-- Opening Marker --

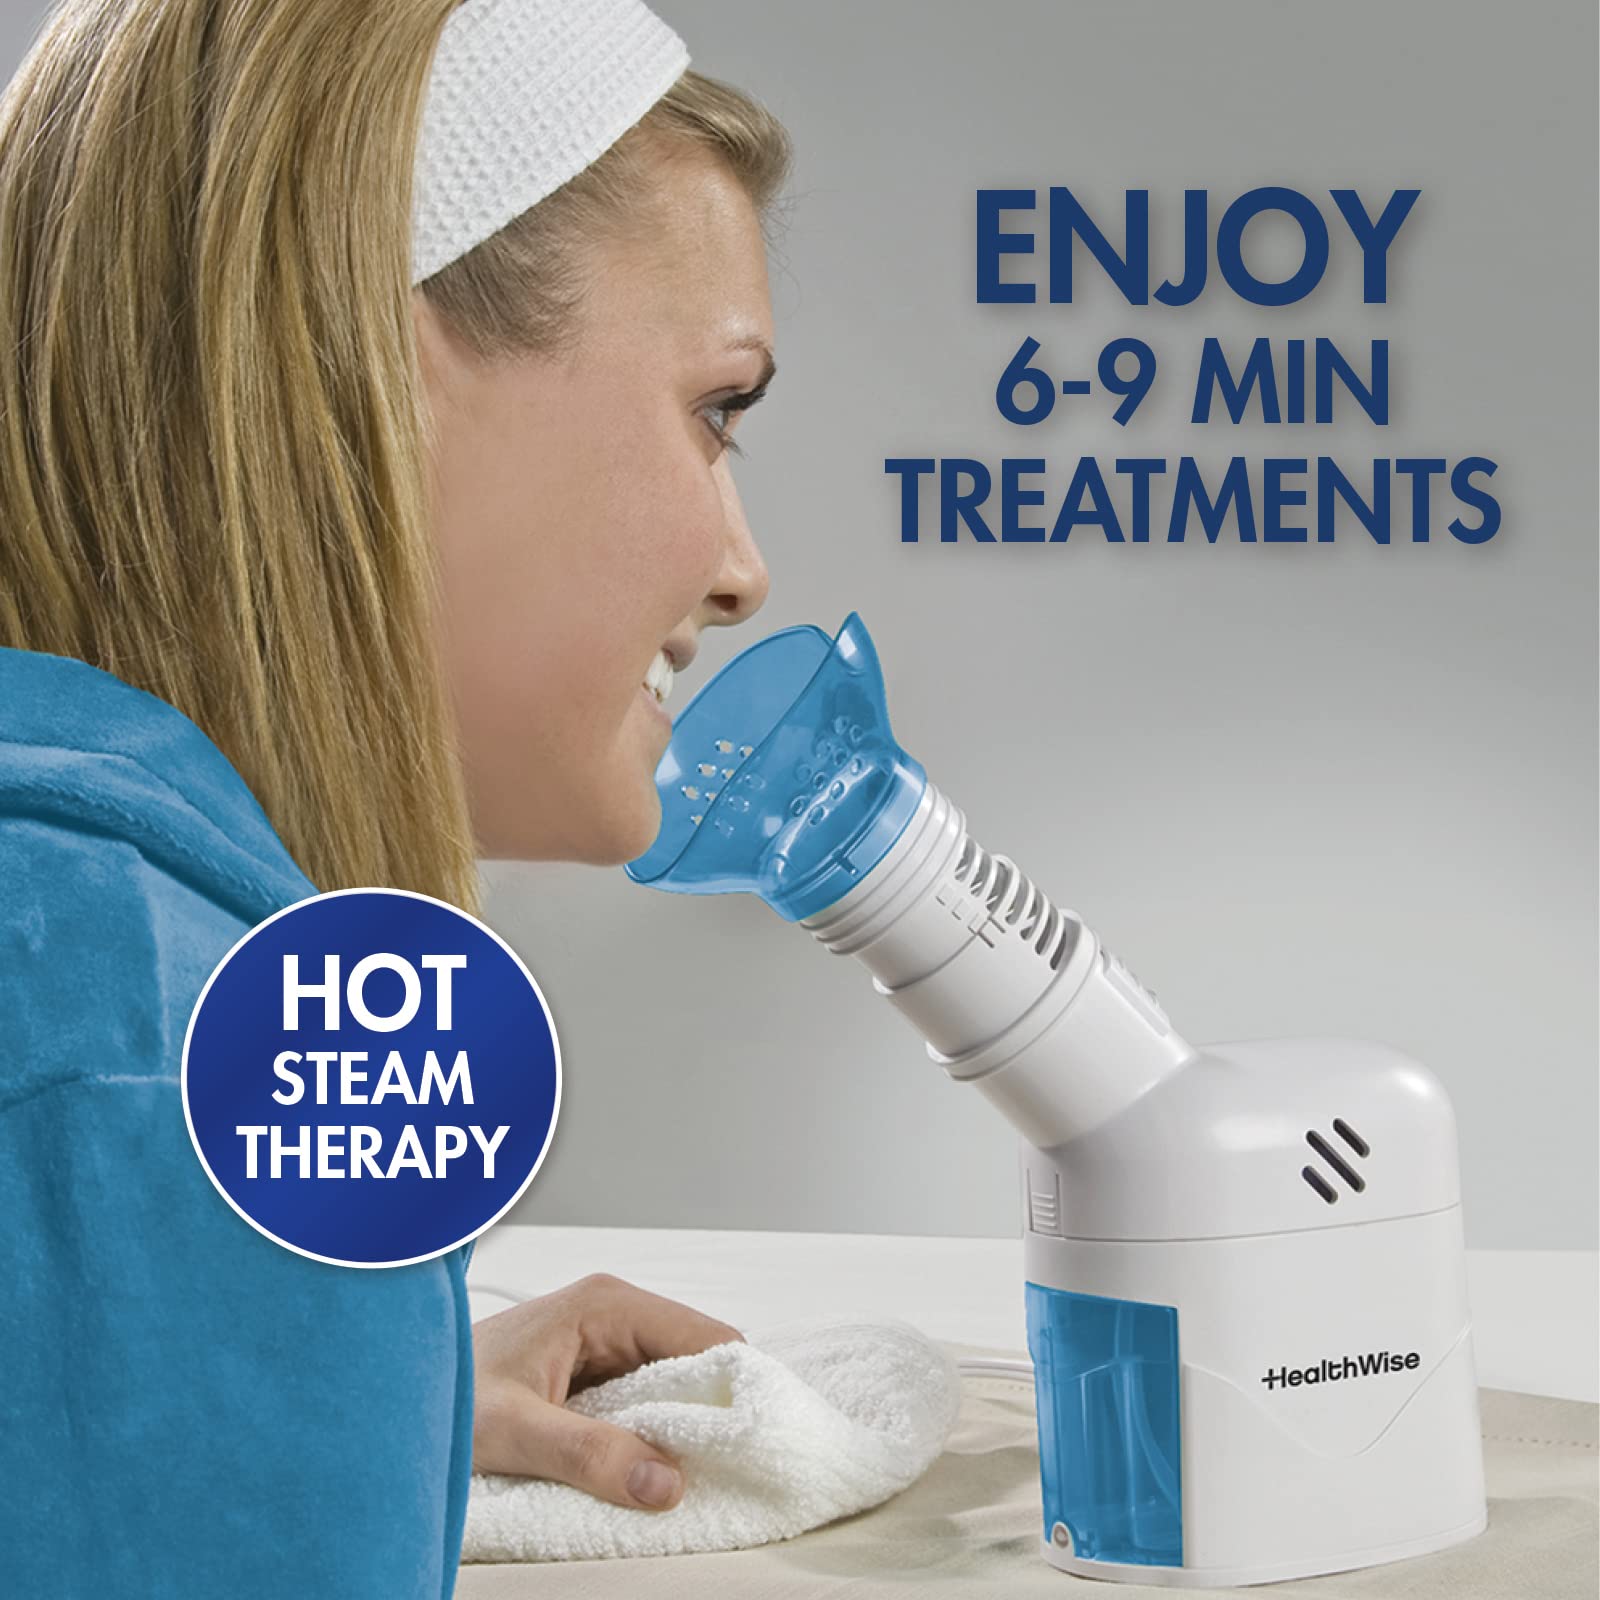 HealthWise Steam Inhaler Respiratory Vapor Therapy | Sinus Pressure, Congestion, Colds & Cough Relief | Mask for Cleansing
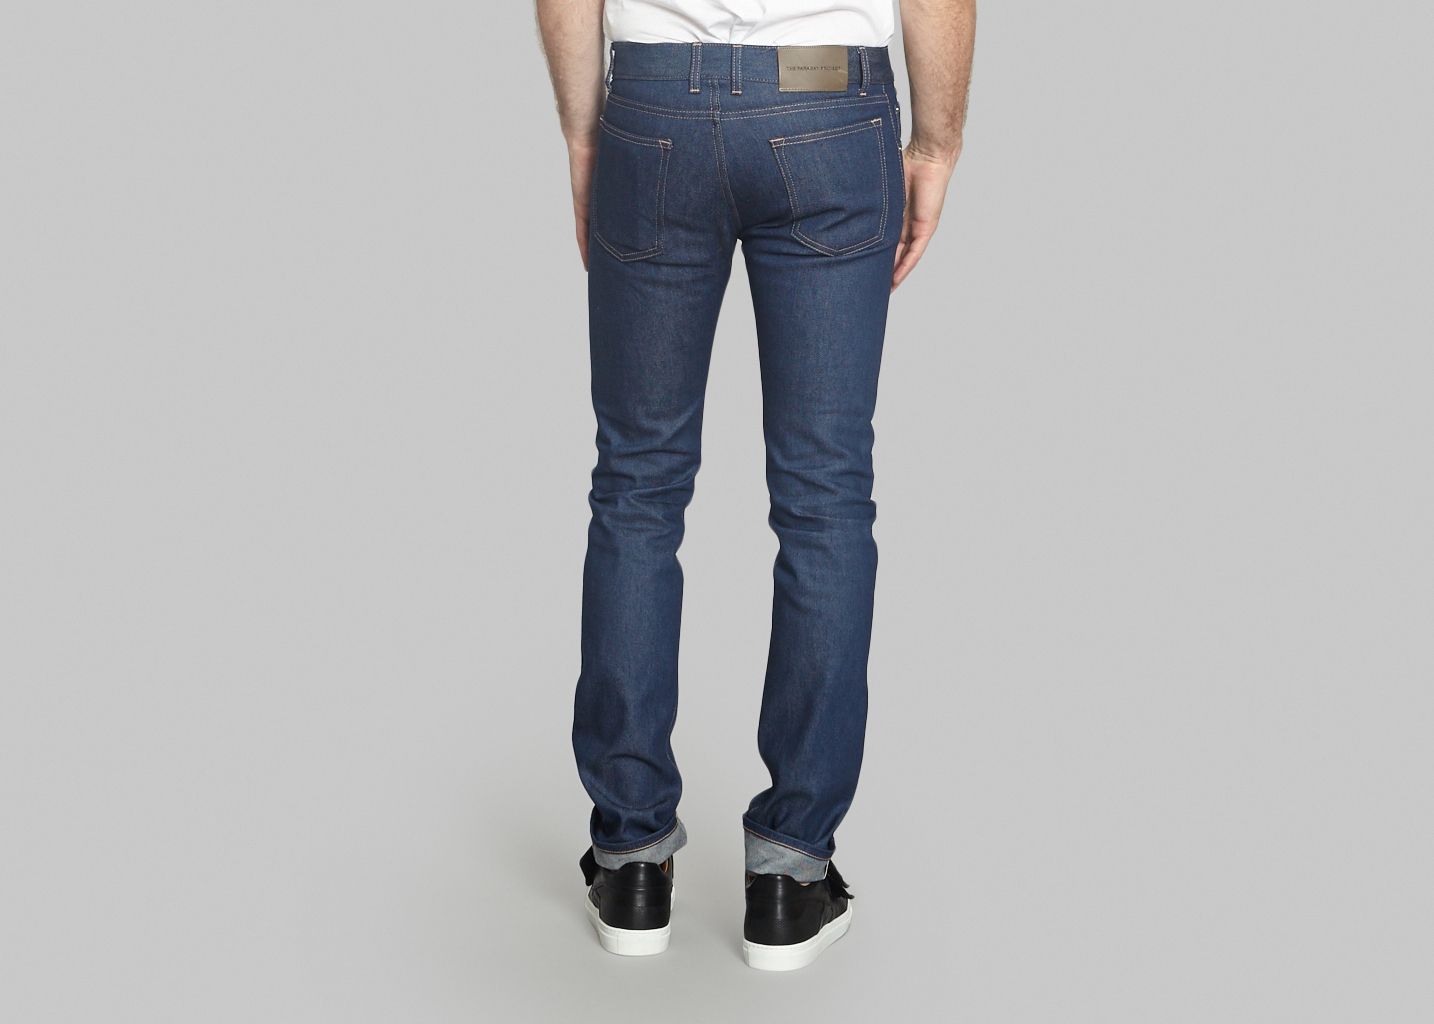 Induction Jeans - The Faraday Project
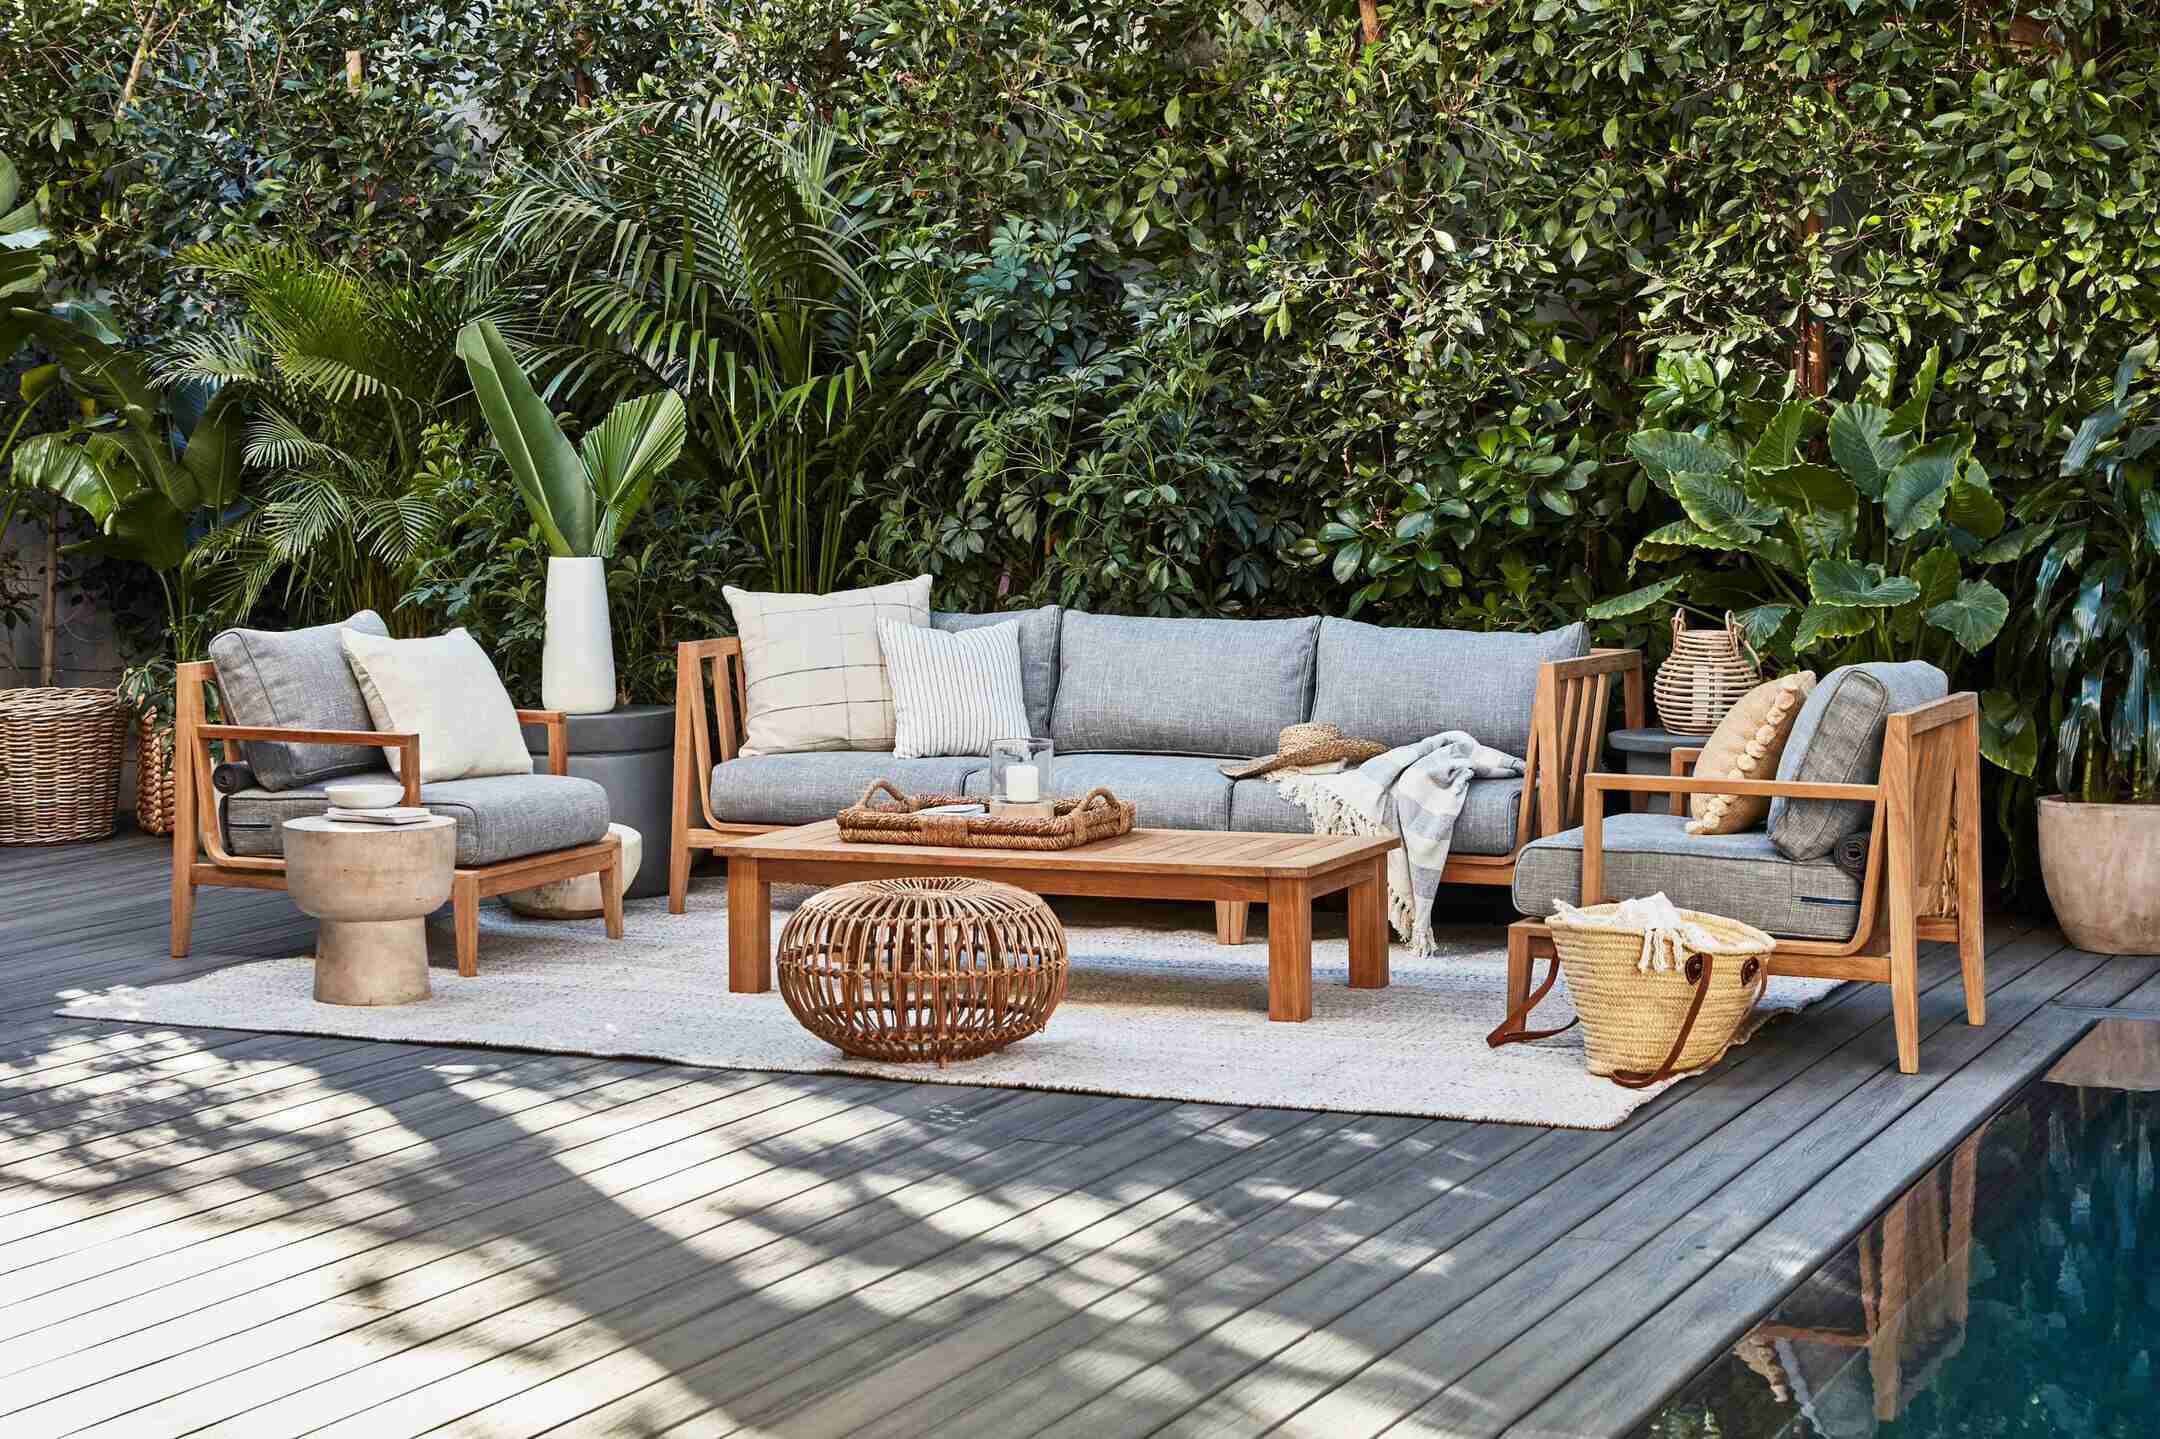 Who Has The Best Outdoor Furniture
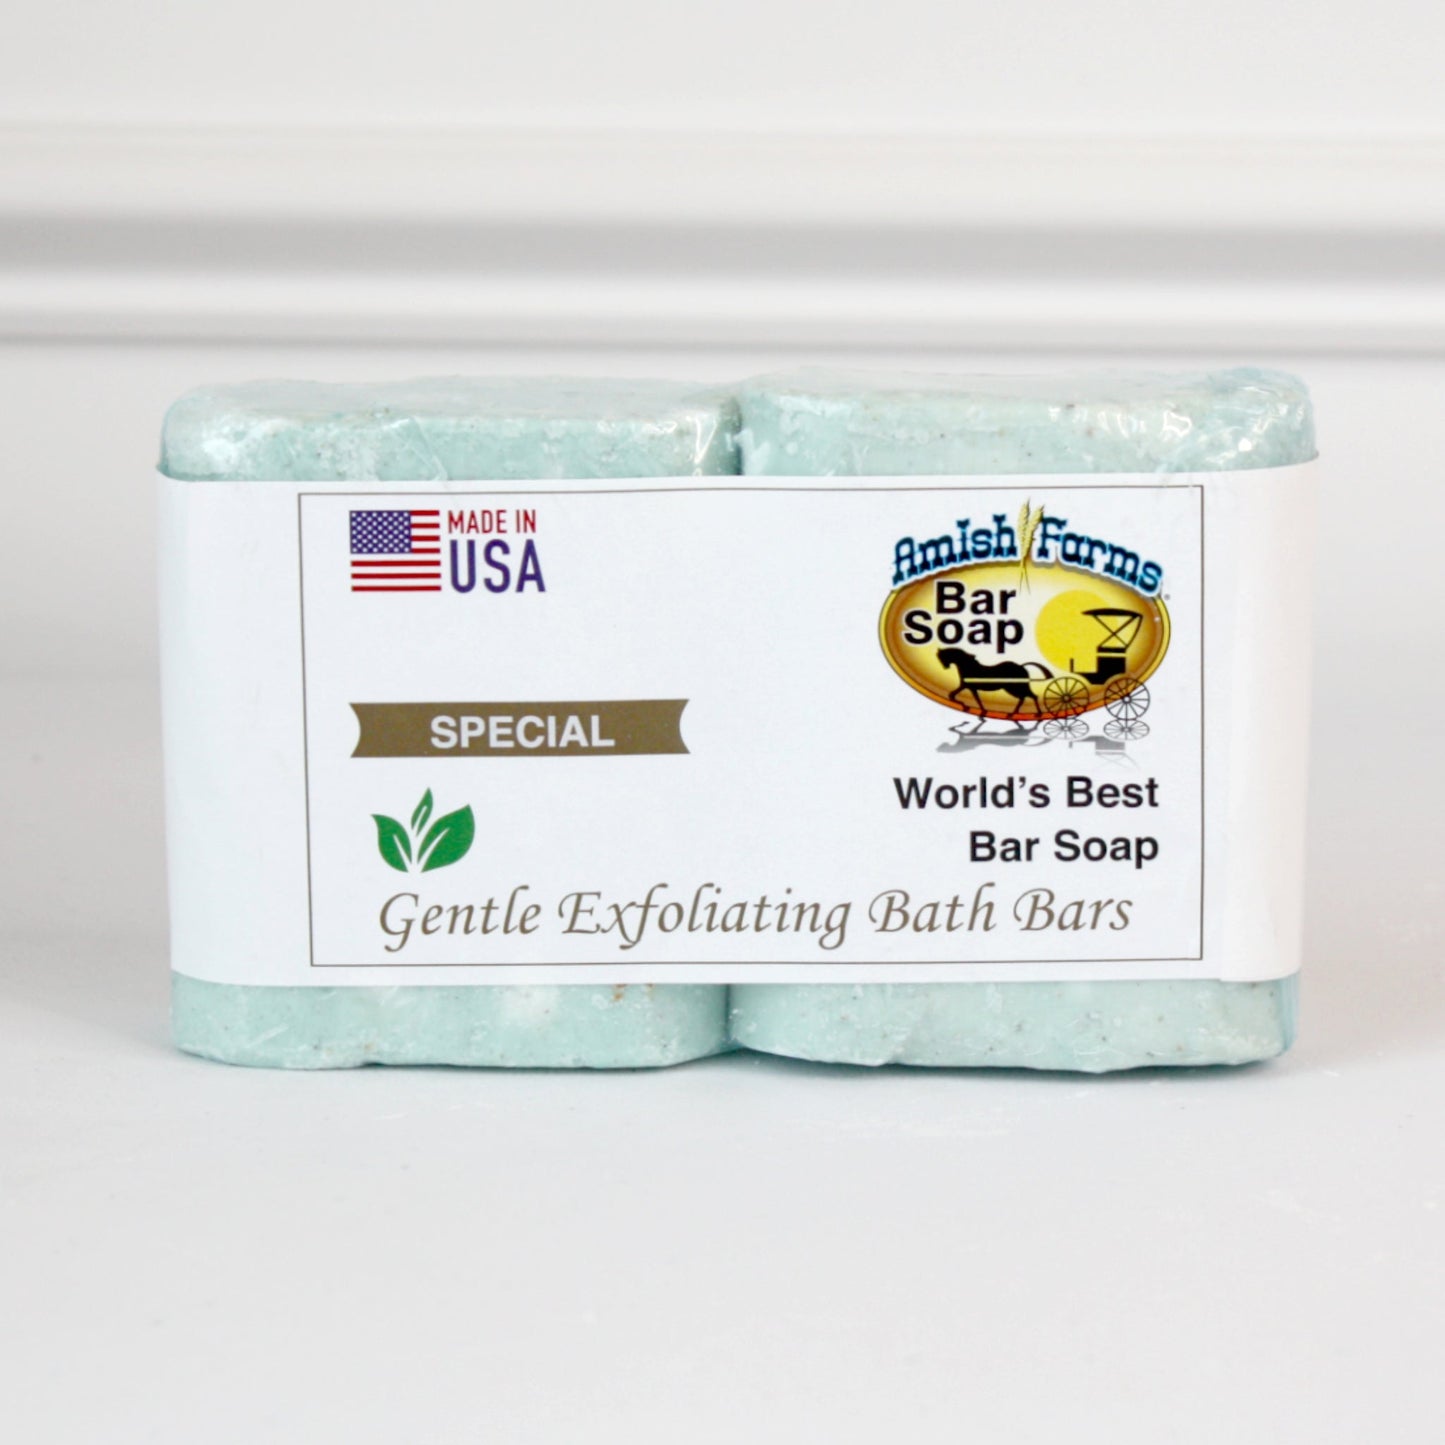 Amish Farms 2 Gentle Exfoliating Bath Bars - Made in the USA

-- Closing Marker --

Write out the whole of the data exactly; the pictures stay out.

 HealthWise Steam Inhaler Respiratory Vapor Therapy | Sinus Pressure, Congestion, Colds & Cough Relief | Mask for Cleansing
 Induction Jeans - The Faraday Project
 Who Has The Best Outdoor Furniture
 Amish Farms 2 Gentle Exfoliating Bath Bars - Made in the USA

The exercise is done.